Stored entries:
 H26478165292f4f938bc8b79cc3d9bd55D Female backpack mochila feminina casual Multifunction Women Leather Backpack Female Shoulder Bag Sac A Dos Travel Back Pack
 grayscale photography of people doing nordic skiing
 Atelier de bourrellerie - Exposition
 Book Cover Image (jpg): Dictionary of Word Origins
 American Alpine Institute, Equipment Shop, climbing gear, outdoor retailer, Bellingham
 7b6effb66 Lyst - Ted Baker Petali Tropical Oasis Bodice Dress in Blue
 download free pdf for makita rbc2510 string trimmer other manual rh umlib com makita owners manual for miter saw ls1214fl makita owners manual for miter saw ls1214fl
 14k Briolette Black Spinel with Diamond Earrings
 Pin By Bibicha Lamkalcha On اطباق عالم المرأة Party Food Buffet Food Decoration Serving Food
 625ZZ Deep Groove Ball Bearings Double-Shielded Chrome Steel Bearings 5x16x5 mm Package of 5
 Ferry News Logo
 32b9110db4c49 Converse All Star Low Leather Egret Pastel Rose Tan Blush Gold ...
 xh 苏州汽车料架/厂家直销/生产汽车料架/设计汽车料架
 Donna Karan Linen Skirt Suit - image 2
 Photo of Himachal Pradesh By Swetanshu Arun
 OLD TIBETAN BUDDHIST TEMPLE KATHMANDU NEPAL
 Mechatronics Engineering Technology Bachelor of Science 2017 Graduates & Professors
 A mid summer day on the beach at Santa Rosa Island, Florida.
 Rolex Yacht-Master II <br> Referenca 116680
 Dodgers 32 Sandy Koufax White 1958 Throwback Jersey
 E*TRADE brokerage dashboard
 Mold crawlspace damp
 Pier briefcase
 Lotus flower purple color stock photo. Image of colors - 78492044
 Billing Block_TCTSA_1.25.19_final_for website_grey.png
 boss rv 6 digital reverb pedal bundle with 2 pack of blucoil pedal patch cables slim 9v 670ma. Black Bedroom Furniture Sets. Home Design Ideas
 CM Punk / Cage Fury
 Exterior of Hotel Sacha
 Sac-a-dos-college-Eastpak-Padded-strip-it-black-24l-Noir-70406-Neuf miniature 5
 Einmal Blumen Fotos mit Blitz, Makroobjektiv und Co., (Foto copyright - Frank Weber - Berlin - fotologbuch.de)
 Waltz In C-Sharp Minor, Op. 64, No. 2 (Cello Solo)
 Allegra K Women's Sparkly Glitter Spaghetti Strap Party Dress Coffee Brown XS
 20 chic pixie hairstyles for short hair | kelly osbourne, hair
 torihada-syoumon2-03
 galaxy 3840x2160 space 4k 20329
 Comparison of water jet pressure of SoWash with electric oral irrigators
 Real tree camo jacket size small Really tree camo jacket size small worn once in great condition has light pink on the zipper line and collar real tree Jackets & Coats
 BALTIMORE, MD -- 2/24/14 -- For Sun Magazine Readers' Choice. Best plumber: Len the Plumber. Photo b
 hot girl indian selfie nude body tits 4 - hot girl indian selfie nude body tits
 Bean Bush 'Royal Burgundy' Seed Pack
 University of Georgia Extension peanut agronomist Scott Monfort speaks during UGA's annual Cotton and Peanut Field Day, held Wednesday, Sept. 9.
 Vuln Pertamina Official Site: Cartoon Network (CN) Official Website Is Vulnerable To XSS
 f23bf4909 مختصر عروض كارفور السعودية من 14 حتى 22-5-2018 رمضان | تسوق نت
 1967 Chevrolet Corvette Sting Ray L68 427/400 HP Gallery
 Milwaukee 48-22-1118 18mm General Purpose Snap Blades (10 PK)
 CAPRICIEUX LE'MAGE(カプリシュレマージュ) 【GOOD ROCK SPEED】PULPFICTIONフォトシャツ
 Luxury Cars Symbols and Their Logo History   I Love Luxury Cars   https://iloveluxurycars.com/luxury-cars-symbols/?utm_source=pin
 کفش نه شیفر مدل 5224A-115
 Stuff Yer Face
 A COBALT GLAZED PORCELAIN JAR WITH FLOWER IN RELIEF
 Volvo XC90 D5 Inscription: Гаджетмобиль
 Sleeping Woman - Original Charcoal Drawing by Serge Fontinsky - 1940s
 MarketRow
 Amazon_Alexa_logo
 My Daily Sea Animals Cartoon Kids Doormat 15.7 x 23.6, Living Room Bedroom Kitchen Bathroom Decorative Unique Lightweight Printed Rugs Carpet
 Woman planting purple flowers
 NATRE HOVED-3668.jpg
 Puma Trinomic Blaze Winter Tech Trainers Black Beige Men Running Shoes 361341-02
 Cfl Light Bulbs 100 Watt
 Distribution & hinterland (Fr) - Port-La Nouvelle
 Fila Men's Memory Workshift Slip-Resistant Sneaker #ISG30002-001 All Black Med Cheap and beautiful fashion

EXERCISE OBJECTIVE >>
Looking at the records above, return exactly the lines from the line with "کفش نه شیفر مدل 5224A-115" to the line with "Cfl Light Bulbs 100 Watt", both ends included.

TASK RESULT >>
 کفش نه شیفر مدل 5224A-115
 Stuff Yer Face
 A COBALT GLAZED PORCELAIN JAR WITH FLOWER IN RELIEF
 Volvo XC90 D5 Inscription: Гаджетмобиль
 Sleeping Woman - Original Charcoal Drawing by Serge Fontinsky - 1940s
 MarketRow
 Amazon_Alexa_logo
 My Daily Sea Animals Cartoon Kids Doormat 15.7 x 23.6, Living Room Bedroom Kitchen Bathroom Decorative Unique Lightweight Printed Rugs Carpet
 Woman planting purple flowers
 NATRE HOVED-3668.jpg
 Puma Trinomic Blaze Winter Tech Trainers Black Beige Men Running Shoes 361341-02
 Cfl Light Bulbs 100 Watt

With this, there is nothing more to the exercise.